А из окошка, перекрывая плаксивую скрипку, прогремело, будто бы в ответ: «Раньше были барышни, а теперь кокотки. Жрут на завтрак кокаин вместо доброй водки».
– Вы меня поняли, Константин Матвеевич? Не до-са-ждать!
Петины пальцы против воли сжались в некое подобье кулаков. Лицо постыдно покраснело. Захотелось дернуть ворот, расстегнуть не по уставу пуговицы и двинуть прямо… На Врангеля, на Врангеля. На Пилсудского. Спокойно.
А голоса не унимались. «Раньше были бардаки, раньше были танцы. Раньше были мужики, а теперь повстанцы».
Поначалу Красовер не испугался. Смерив кавалериста ироническим взглядом высокообразованного человека, новой аристократии, аристократии духа, Красовер столь же иронически сделал предположение:
– У меня создается впечатление… мм… что вы видите во мне соперника. – И прибавил, скорее примирительно: – Я польщен. Товарищ, если не ошибаюсь, Майстренко?
Петя, однако, не примирился. Разжав кулаки и собрав в кулак волю, он привел важный для него, но малоубедительный для подлинного macho тезис. (Красовер был, понятно, никакой не macho, но как большинство никаких не macho он в душе ощущал себя именно macho. Испанским и латиноамериканским одновременно. Грандом, гаучо, гидальго и тангеро. Из тех, что ездят исключительно на жеребцах.)
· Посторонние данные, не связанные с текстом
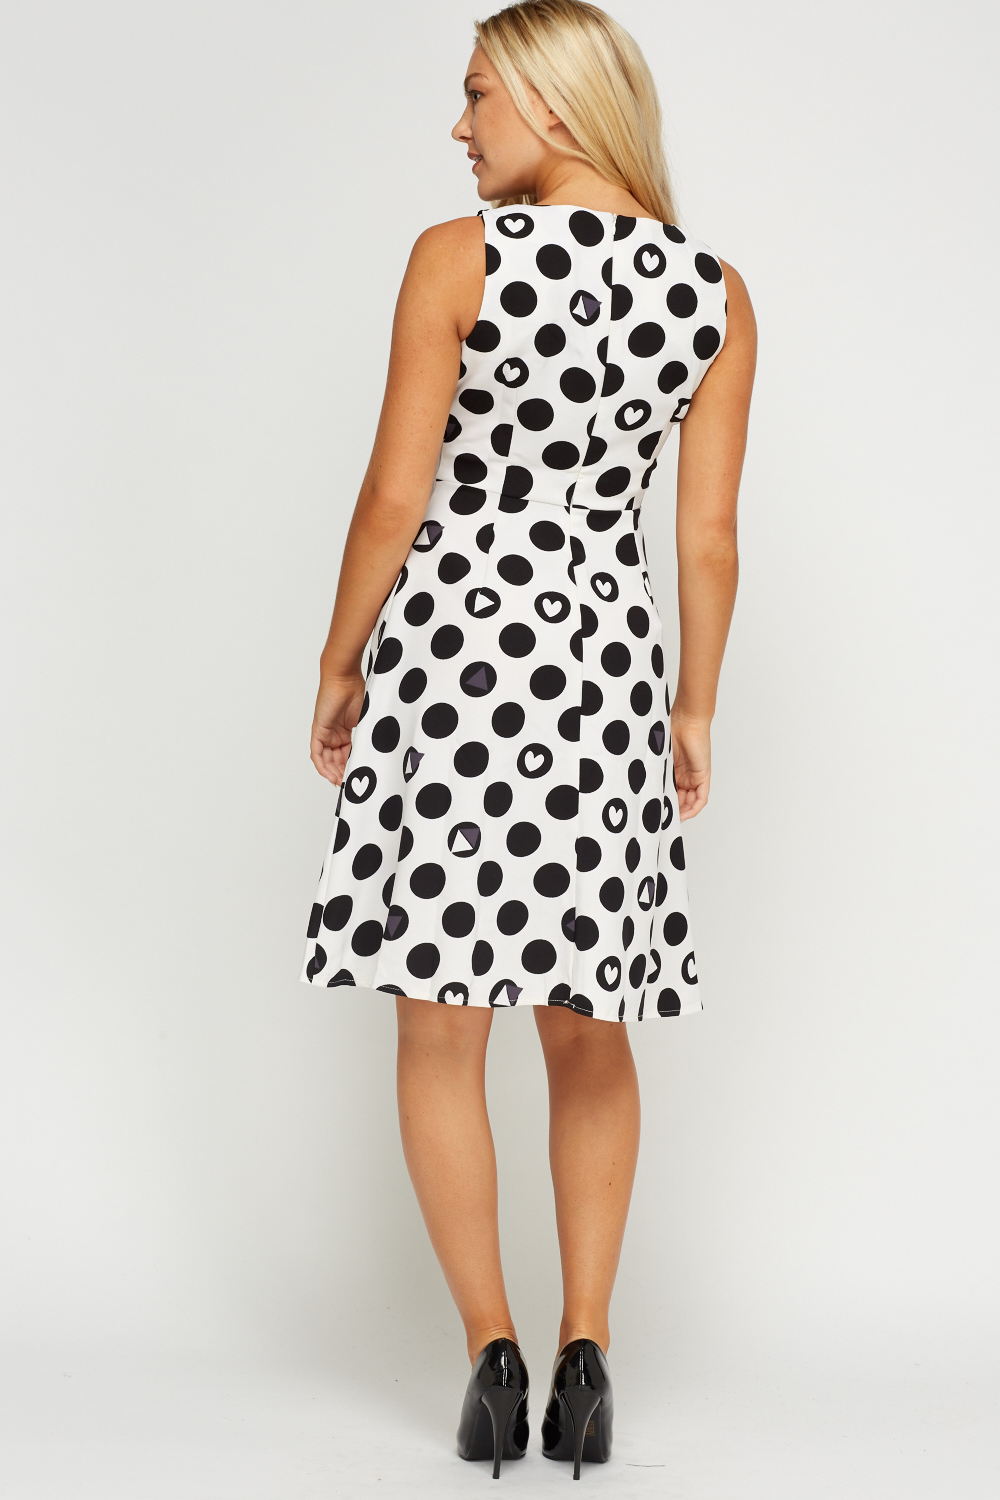 V-Neck Dotted Swing Dress - Just $7

– Возможно вам об этом неизвестно, Константин Матвеевич, но у Барбары Карловны есть муж.
Хотя Красовер был macho лишь в своем слегка воспаленном воображении, он ответствовал Петру вполне резонно. Возможно, при случае так ответил бы кому-нибудь и Петр.
– Тогда пускай Барбара Карловна, – Красовер улыбнулся, мягко и чуточку покровительственно, – сама мне об этом скажет. Она же, заверяю вас, товарищ, молчит.
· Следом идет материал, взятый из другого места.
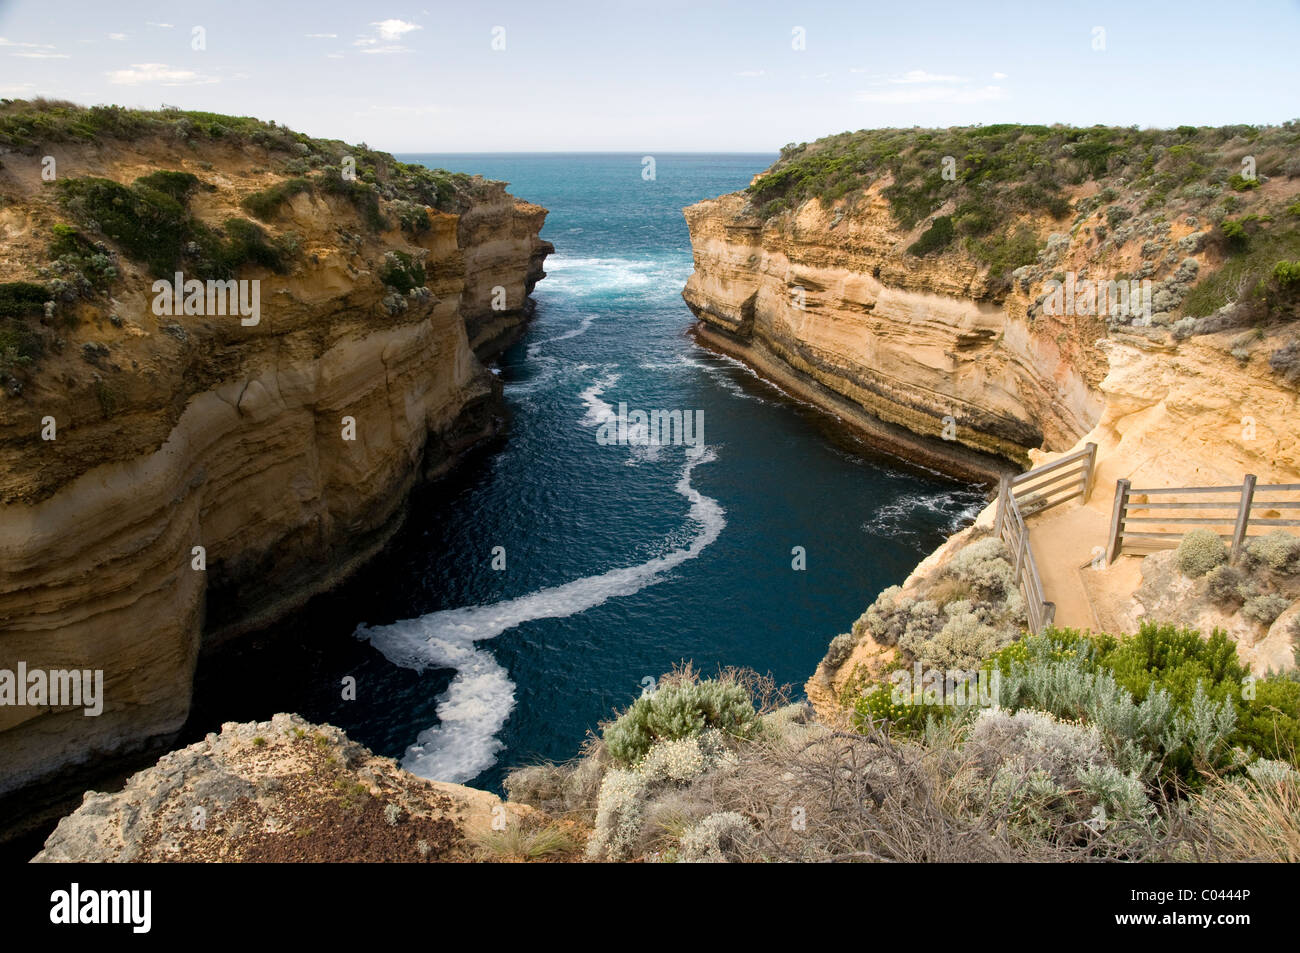 Eroded seacliffs, Lord Ard Gorge, Port Campbell National Park, Great Ocean Road, Victoria, Australia Stock Photo

Голоса же, всё пьянее и пьянее, смелели и смелели. Карапет переходил все допустимые и мыслимые границы. С чего бы? Что-то случилось на фронте? Что-то рухнуло? Снова? Как в девятнадцатом? Врангель, Пилсудский? Где? Скрипичный визг перекрылся новым, нахальнейшим куплетом: «Раньше были денежки, а теперь совзнаки. Был интернационал, будут и казаки». Не будь Красовер поглощен дискуссией с Петром, он при словах о казаках встревожился бы тоже. Но Красовер, смертельно боявшийся и ненавидевший казачество, на пьяные рулады внимания не обращал.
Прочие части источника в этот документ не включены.